Using Oxygen treatment to treat wounds and diabetic ulcers
Tissue repair, new blood vessel formation, resistance to infection and white blood cell bacterial killing are oxygen sensitive responses essential to normal wound healing. There is more information about this on this Undersea & Hyperbaric Medical Society page.
Normal wound healing proceeds through an orderly sequence of steps involving:
- control of infection
- decreasing the inflammatory response around the wound
- regeneration of the normal skin tissue matrix
- new blood vessel formation
- new skin formation
Several of these steps are critically dependent upon adequate blood supply and oxygen availability. The end result of this process is sustained healing.
Problem or chronic wounds are wounds that have failed to proceed through this orderly sequence of events and have failed to establish a sustained healed structure to the skin and tissues that were previously damaged under the skin.
This failure of wound healing is usually the result of one or more local wound or whole body factors inhibiting the normal tissue response to injury. These factors include persistent infection, poor blood supply, low oxygen (hypoxia) and cellular failure.
The hypoxic nature of all wounds has been demonstrated and the hypoxia, when increased (meaning even less oxygen), correlates with impaired wound healing and increased rates of wound infection.
Local oxygen tensions in the vicinity of the wound are approximately half the values observed in normal, non-wounded tissue. The rate at which normal wounds heal has been shown to be oxygen dependent.
The net result of serial oxygen exposures is:
- improved immune response
- clearance of infection
- enhanced tissue growth and blood vessel formation
This all leads to progressive improvement in local tissue oxygenation and healing of problem wounds.

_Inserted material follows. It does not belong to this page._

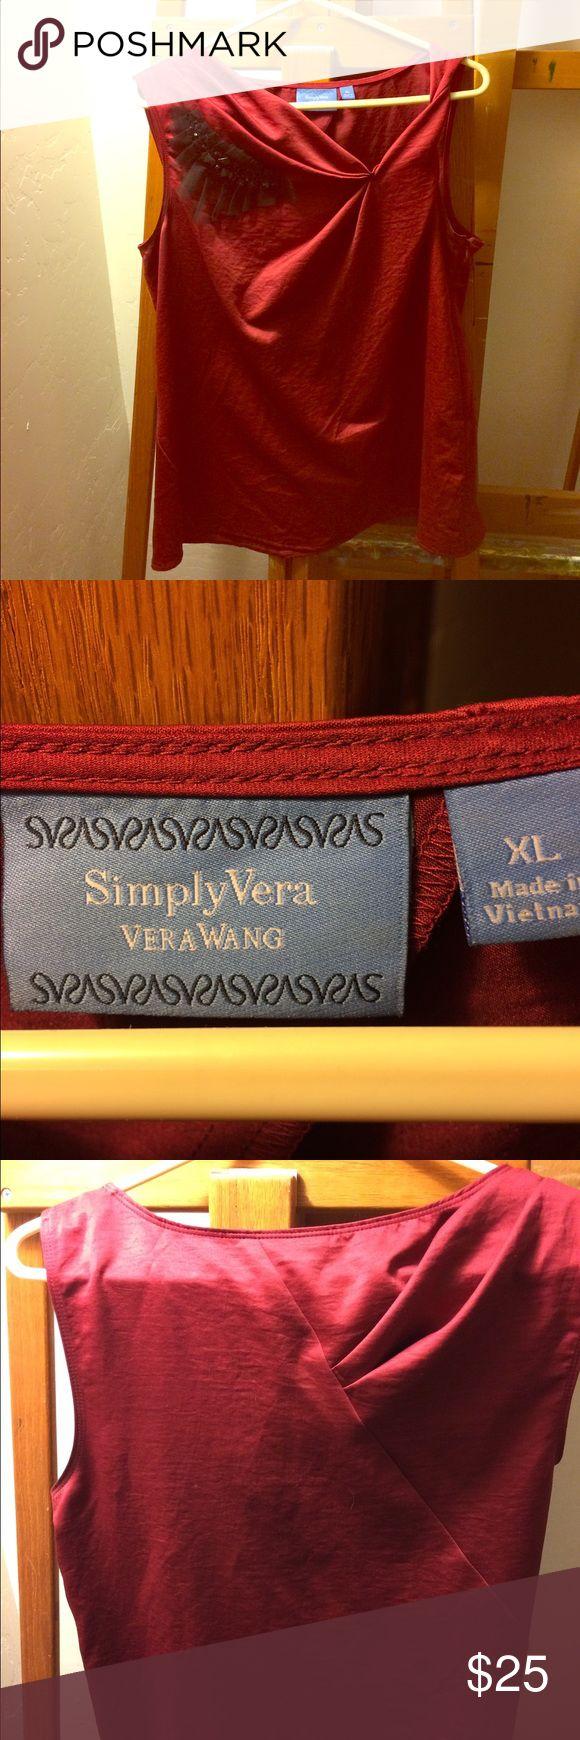 Vera Wang Simply Vera Top. Ruby with Black Accent Vera Wang Simply Vera. Ruby top with Black accent. Beautiful details. Size XL. Vera Wang Tops Camisoles

Diabeltic ulcers and blood circulation
Diabetic ulcers are chronic, complex, or problem wounds of the legs and feet in people with diabetes.
Diabetic ulcers require a healthy, oxygenated wound bed to heal. A lack of sufficient oxygen (hypoxia) in the wound bed slows or stops the normal healing process and can lead to amputation.
Oxygen helps repair wounds and enhance healing by improving blood circulation, encouraging the formation of new capillary blood vessels (angiogenesis) and supplying more oxygen to tissue in the wound bed. Oxygen also helps kill the anaerobic bacteria that cause some of the worst infections in chronic diabetic wounds.